Steam (water vapor) at 100 degrees C enters an insulated vessel containing 100 g of ice at 0 degrees C. How much steam must be introduced into the vessel so that equilibrium 50 g of the ice has melted and 50 g of the ice remains?

Specific heat of water = 4.184 J/K g

Latent heat of fusion of ice = 333 J/g

Latent heat of vaporization of water = 2260 J/g

1. I'll convert all mass measures into kg, energy into kJ.

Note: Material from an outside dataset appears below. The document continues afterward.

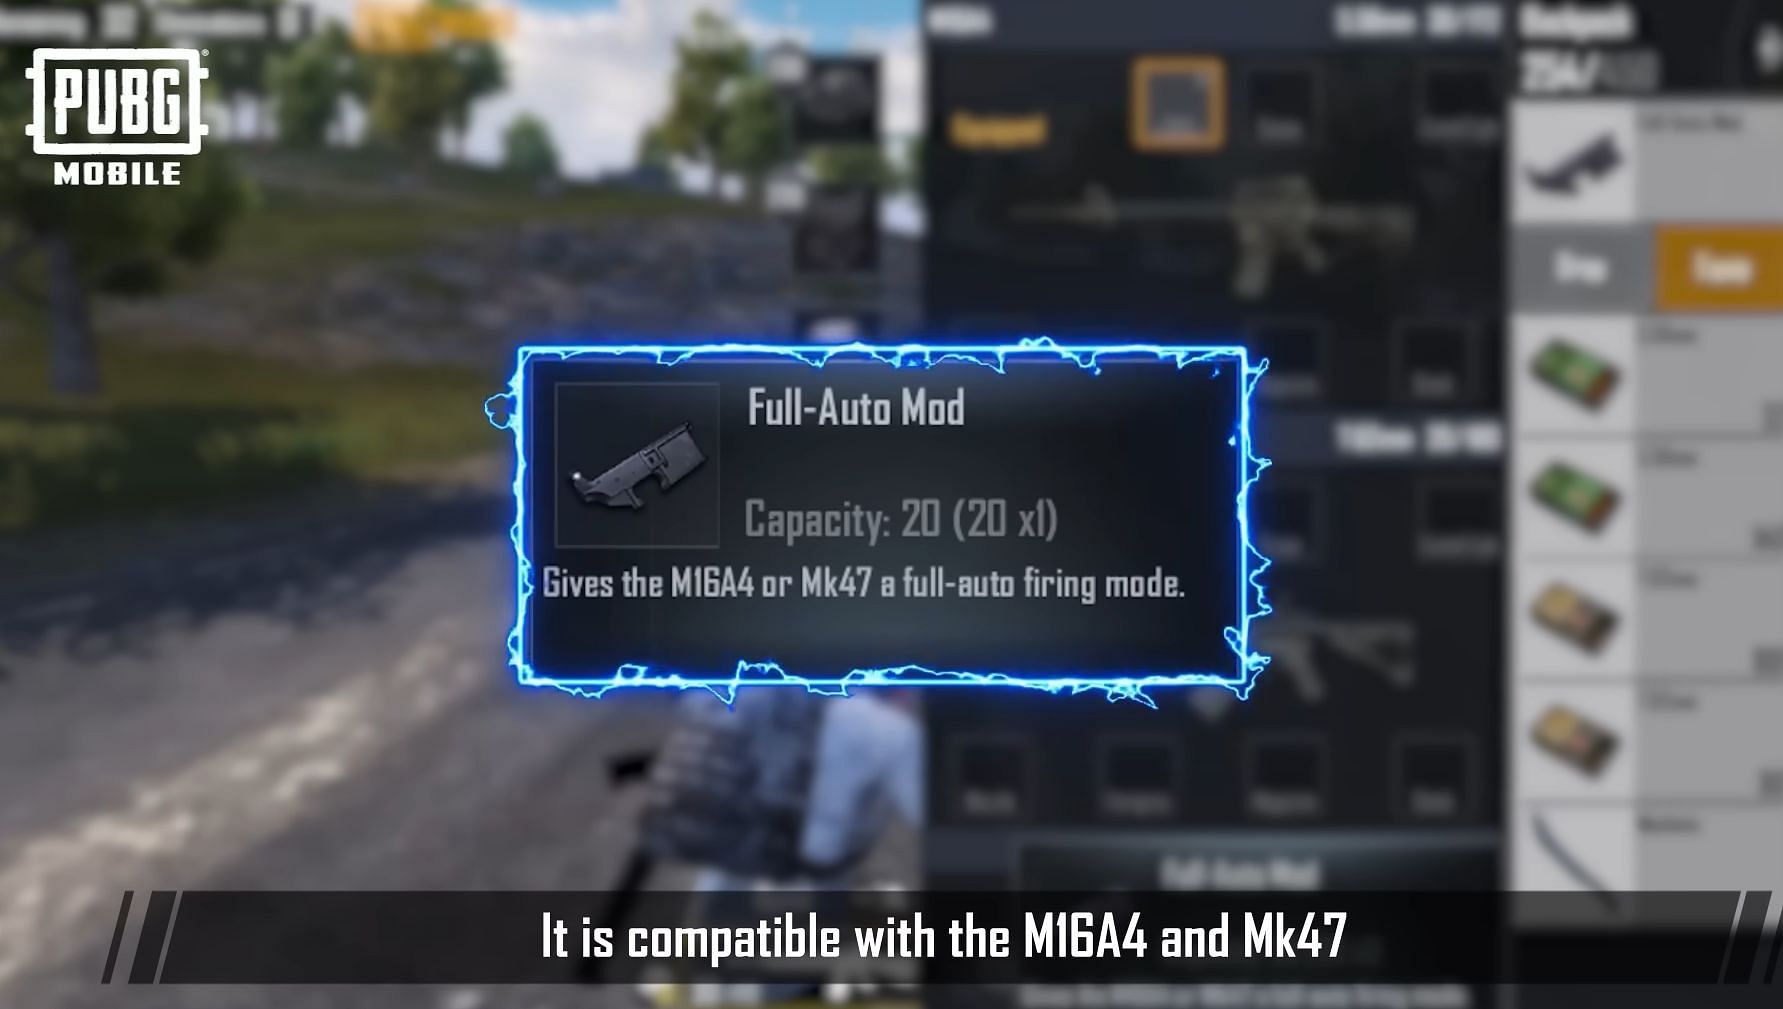 Full-Auto Mod attachment for MK47 and M16A4 (Image via Krafton)

2. Melting 0.05 kg of ice needs \(\displaystyle 0.05\ kg \cdot 333 \tfrac{kJ}{kg}\)

3. When steam condensates to water you have water of a temperature of 100°C. This hot water cools down to 0°C melting the ice too!

4. Solve for m (= mass of steam)

\(\displaystyle \underbrace{0.05\ kg \cdot 333 \tfrac{kJ}{kg}}_{\text{melting ice}} = \underbrace{m \cdot 2260 \tfrac{kJ}{kg}}_{\text{steam to water}} + \underbrace{m \cdot 4.184 \tfrac{kJ}{kg \cdot K} \cdot (100^\circ-0^\circ)K}_{\text{cool down water}}\)

5. I've got 0.0435 kg = 43.5 g